| name | network-request-auditing |
| description | After navigating and interacting in Cursor's built-in browser, use browser_network_requests to audit every fetch/XHR for failures, slowness, duplicate calls, and suspicious payloads. Use for API-heavy pages and after backend or client networking changes. |
| user-invocable | true |
Network Request Auditing
Deep-dive network health using the cursor-ide-browser MCP. This skill focuses on browser_network_requests — not just “any 500s” but patterns that indicate bugs, waste, or security issues.
How it works
- Drive the app in the browser (navigate, click, submit forms) so real requests fire.
- Call
browser_network_requests after meaningful interactions (and after navigation settles).
- Classify and report findings using the criteria below.
Follow cursor-ide-browser workflow rules: use browser_snapshot before structural interactions; after actions that change the page, take a fresh snapshot before the next interaction.
Audit checklist
Failures
- 4xx / 5xx — list method, URL (path + query), status, and whether the UI handled the error.
- CORS or network errors — often misconfigured origins or mixed content.
Performance
- Slow requests — flag requests with high latency (e.g. > 500 ms server time if timings are visible; otherwise note unusually large waterfalls).
- Duplicate calls — same URL + method fired multiple times in one user action (often a React effect or missing deduplication).
- Oversized payloads — responses that look huge for what the UI needs (suggest pagination, field selection, or compression).
Security and privacy
- Sensitive data in URLs — tokens or PII in query strings.

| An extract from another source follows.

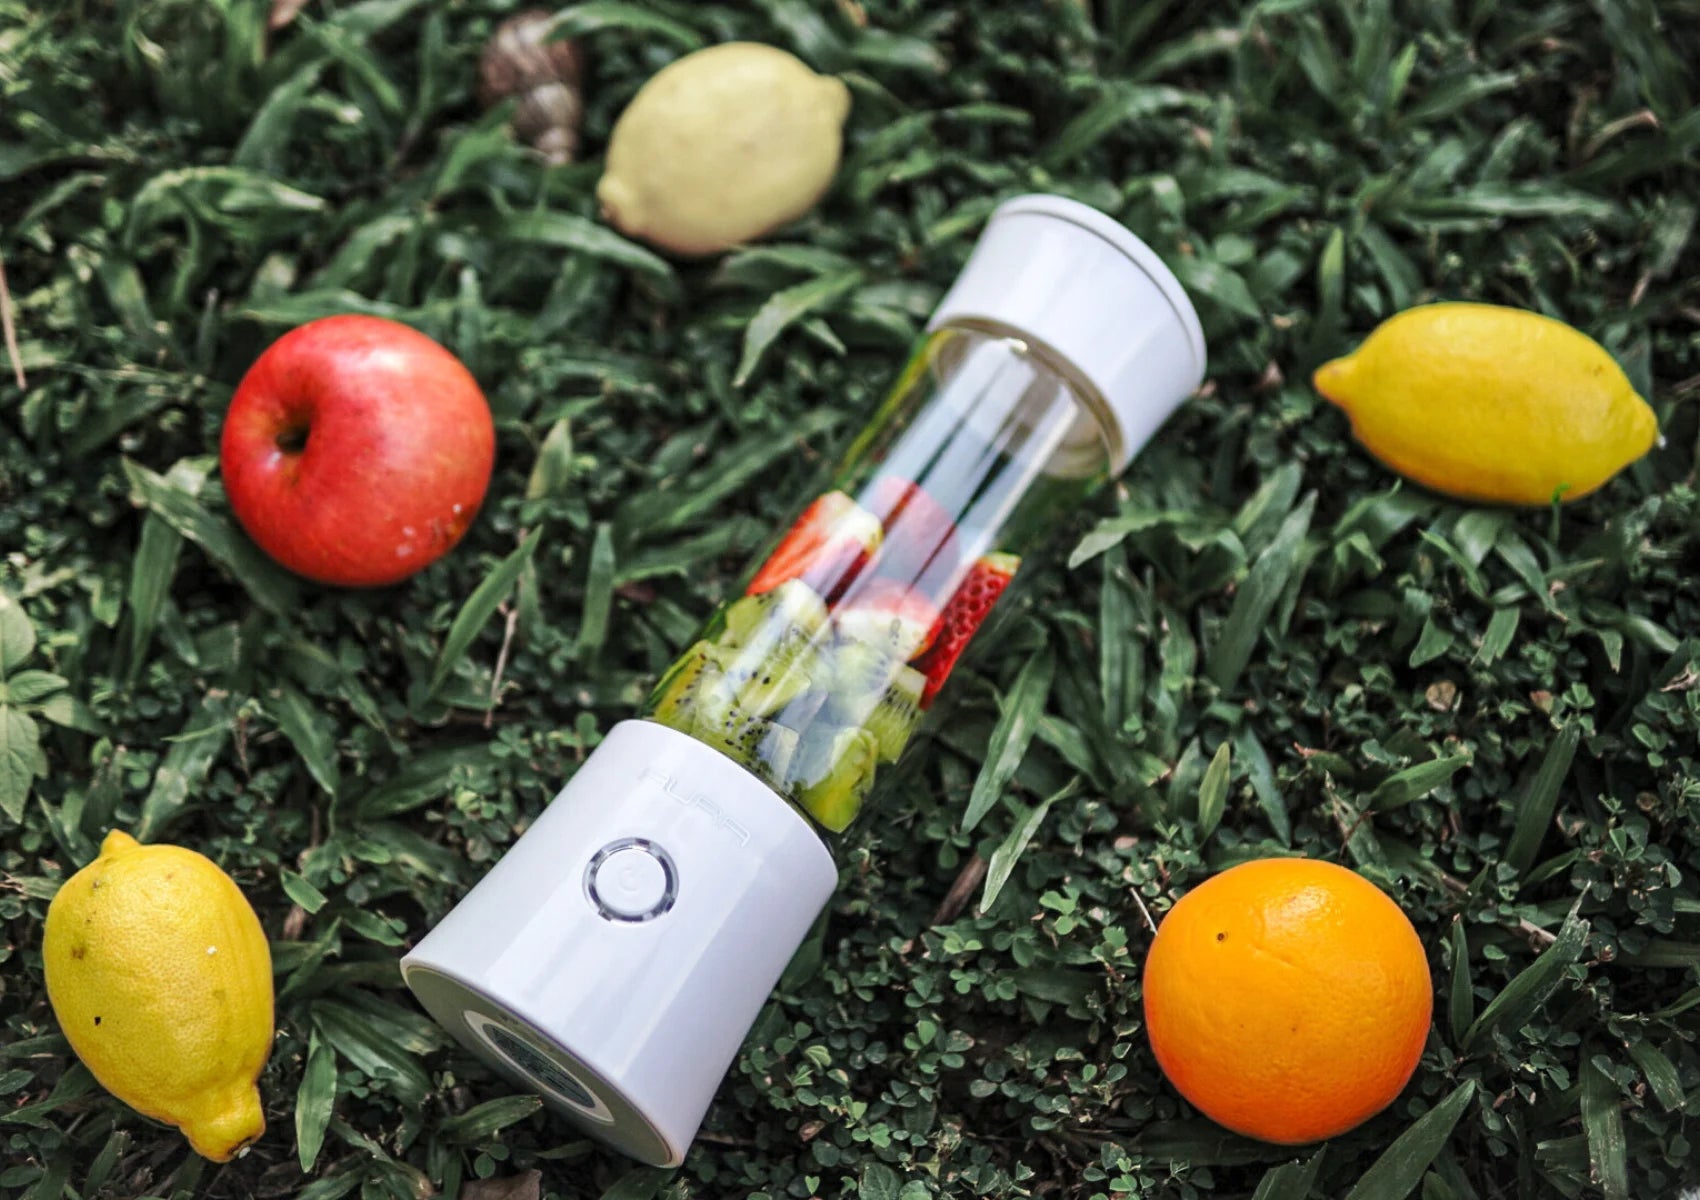 aura portable blender with various fruit like lemon, oranges, and apple on grass

- Missing auth — API calls that should send credentials or bearer tokens but do not (compare with adjacent authenticated calls).
Correctness
- Unexpected hosts — calls to third parties not documented for the feature (trackers, accidental leaks).
- Preflight storms — excessive OPTIONS requests may indicate wrong CORS caching or too many distinct origins.
Steps
-
Start from a clean navigation — browser_navigate to the target URL (or use an existing tab via browser_tabs).
-
Exercise the feature — interactions that trigger API usage (filters, infinite scroll, form save, modal open).
-
Fetch network log — browser_network_requests after each logical step if the page does multiple round-trips.
-
Report — structured output:
- Summary counts (failed, slow, duplicate groups).
- Table or bullet list of issues with URL pattern (not necessarily full secrets), status, category (failure / perf / security / correctness).
- Recommended next code changes or investigations.
Notes
- Iframe traffic may not appear in the same log — note if the feature runs inside an iframe.
- Compare against expected API design; a 404 might be correct for “optional resource not found” if handled in UI.
- Pair with
browser_console_messages for errors that do not surface as failed HTTP (e.g. parse errors after 200).